I previously explained how the data lakehouse is one of two primary approaches being adopted to deliver what I have called a hydroanalytic data platform. Hydroanalytics involves the combination of data warehouse and data lake functionality to enable and accelerate analysis of data in cloud storage services. The term data lakehouse has been rapidly adopted by several vendors in recent years to describe an environment in which data warehousing functionality is integrated into the data lake environment, rather than coexisting alongside. One of the vendors that has embraced the data lakehouse concept and terminology is Dremio, which recently launched the general availability of its Dremio Cloud data lakehouse platform.
Dremio was founded in 2015 to build a business around the Apache Arrow in-memory columnar data format, which was developed to enable high-performance analysis of large volumes of data. The company built a SQL query engine, now known as Dremio Sonar, to accelerate the use of standard business intelligence (BI) and visualization software to perform ad hoc analytics and dashboard-based analysis of data in data lake environments.

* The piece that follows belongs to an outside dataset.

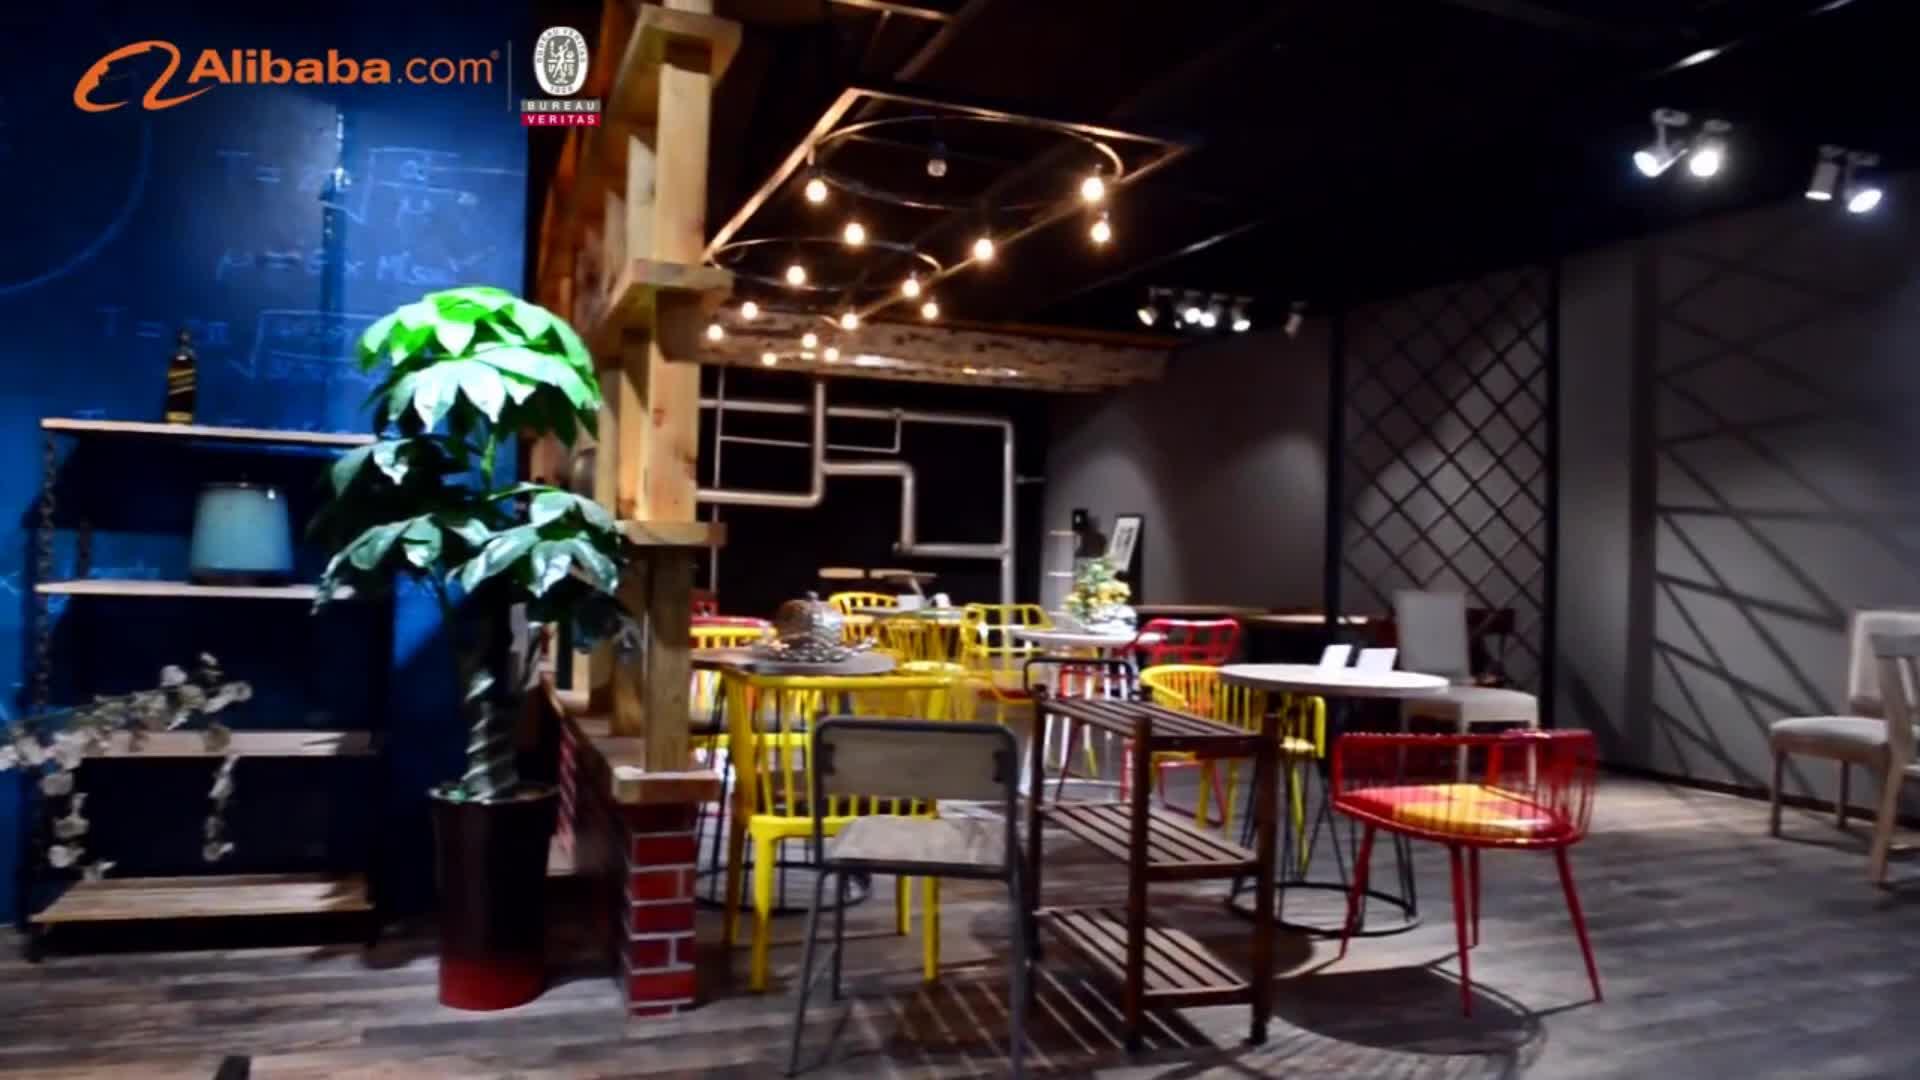 2019 새로운 스타일 클래식 4/6/8/10/12 Seater 현대 섬유 나무/MDF 탑 식탁 세트 무료 샘플 현대 식사 세트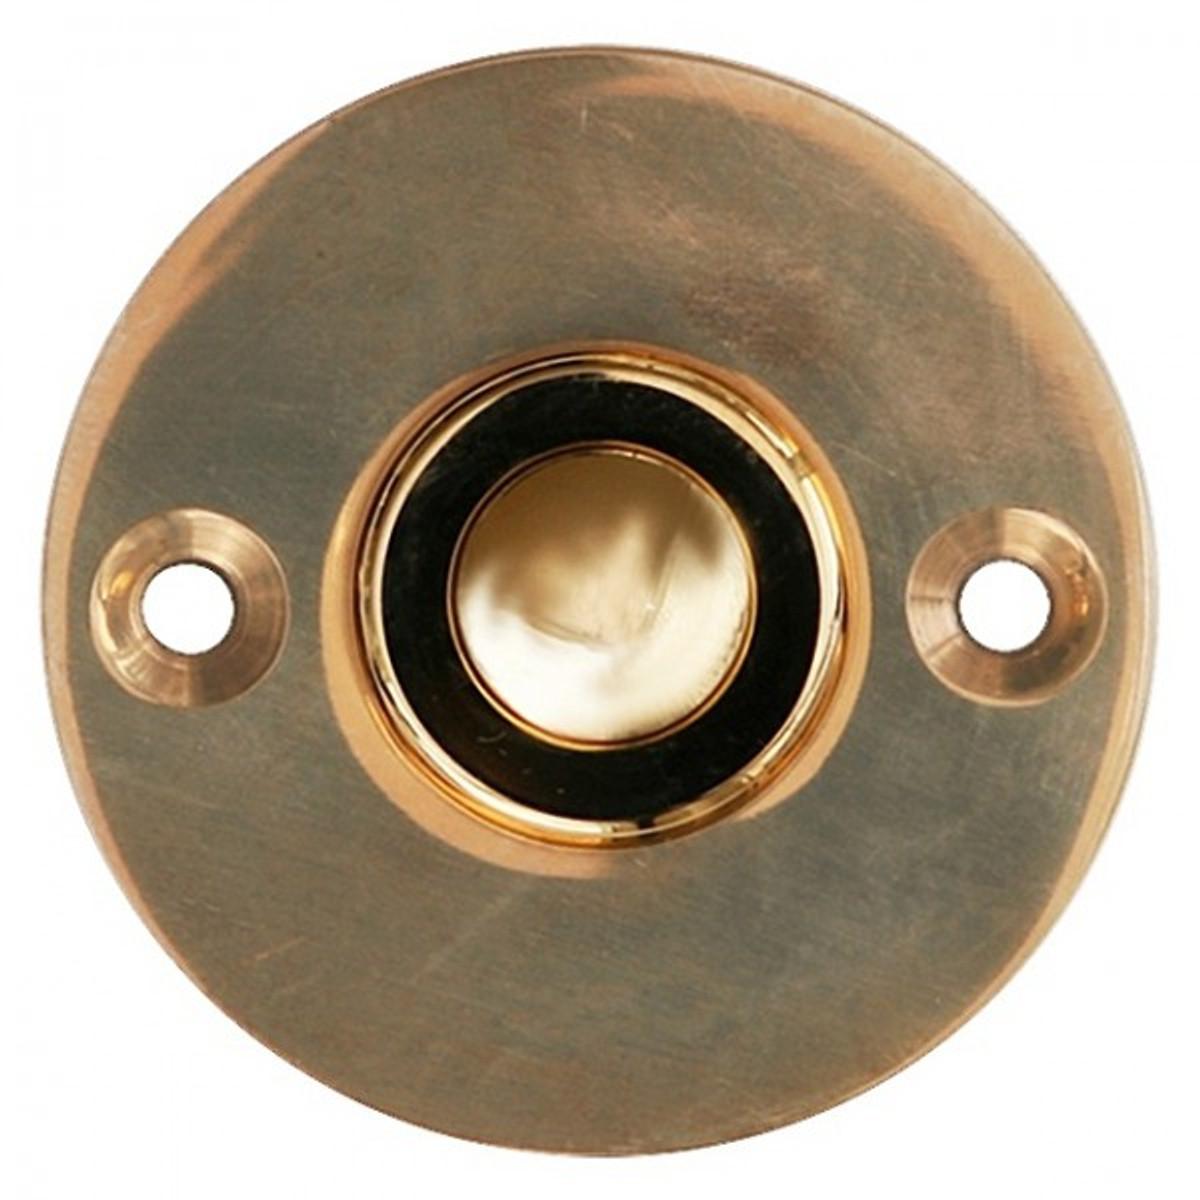 Türklingeln aus poliertem Messing im schlichten Antik Design. Hochwertige Haustürklingel mit Klingeltaster und Platte.

Dremio also recently announced the preview release of Dremio Arctic, a metadata and data management service for the Apache Iceberg table format.
The combination of Dremio Sonar and Dremio Arctic is positioned as a data lakehouse platform. It is available via the Dremio Cloud managed-service offering or as self-managed software to run on a customer’s preferred cloud or data center environment. The core functionality of Dremio Cloud is free to use, with the company only charging for the Enterprise Edition, which includes security and data-masking capabilities, as well as commercial support.
Dremio customers include the likes of Airbus, Bose, Goldman Sachs, Hertz, HSBC, Prudential, Rakuten, and Samsung. The company has also attracted the interest of investors and has raised more than $400 million in funding from the likes of Adams Street Partners, Cisco Investments. Insight Partners, Lightspeed Venture Partners, Norwest Venture Partners, and Sapphire Ventures, with the latest $160 million Series E round valuing the company at $2 billion.
The data lake was first described in 2010 by James Dixon of Pentaho to refer to a single environment where large volumes of data could be stored and processed to be analyzed by multiple users for multiple purposes. Initially based on Apache Hadoop, data lakes are today increasingly based on cloud object storage services. More than one-half (53%) of participants in Ventana Research’s Analytics and Data Benchmark Research currently use object stores in their analytics efforts and an additional 18% plan to do so within the next two years. Data lakes have become an important part of the analytics data estate. In addition to embracing cloud storage, data lakes have also evolved in recent years with the addition of functionality usually found in a data warehouse, including interactive SQL query engines; support for atomic, consistent, isolated and durable (ACID) transactions; updates and deletes; concurrency control; metadata management; and data indexing.
Dremio has steadily built out the capabilities required to turn a data lake into a data lakehouse. The company started with interactive SQL query engine functionality, now known as Dremio Sonar, which enables interactive analysis of data in a data lake (such as Amazon Web Services S3, Azure Data Lake Storage or Google Cloud Storage) using a variety of BI and visualization tools (such as Tableau, Qlik or Microsoft Power BI). Dremio Sonar is based on the Apache Arrow in-memory data format and offers key features such as Columnar Cloud Cache to take advantage of in-memory data processing using solid-state disk storage and Data Reflections for pre-computation of complex aggregations and other operations. In March, Dremio added the public preview of Dremio Arctic, a metastore service for the Apache Iceberg table format. Dremio Arctic is based on Dremio’s open-source Nessie project, which provides Git-like data branching and version control as well as isolated and consistent data transformations. Dremio Sonar and Dremio Arctic are designed to be used independently of each other: Dremio Sonar can be used with other table formats, such as Delta Lake, while Dremio Arctic can be used with other interactive SQL query engines, including Apache Spark, Apache Flink, Presto and Trino. In combination, however, Sonar and Arctic provide support for SQL Data Manipulation Language (DML) operations, such as inserts, updates and deletes directly on data in cloud storage. Adding this functionality to a data lake makes the resulting data lakehouse a more viable option for running workloads that would traditionally be run on a data warehouse.
This does not necessarily displace the need for data warehousing (the other established approach to creating a data platform delivering hydroanalytics is a data warehouse running on, or alongside, a data lake) but I assert that by 2024, more than three-quarters of current data lake adopters will be investing in data lakehouse technologies to improve the business value generated from the accumulated data.
There are numerous choices available for organizations looking to enable analysis of data in data lake environments, including stand-alone data warehouse offerings, pre-integrated cloud services and a variety of open-source projects that can be assembled via a do-it-yourself approach. Dremio supports the latter two options with its various open-source projects and the ability to use Sonar and Arctic either independently or in combination. As such, I recommend that any organization considering the data lakehouse approach should evaluate Dremio’s open-source projects and the Dremio Cloud data lakehouse platform when evaluating their options.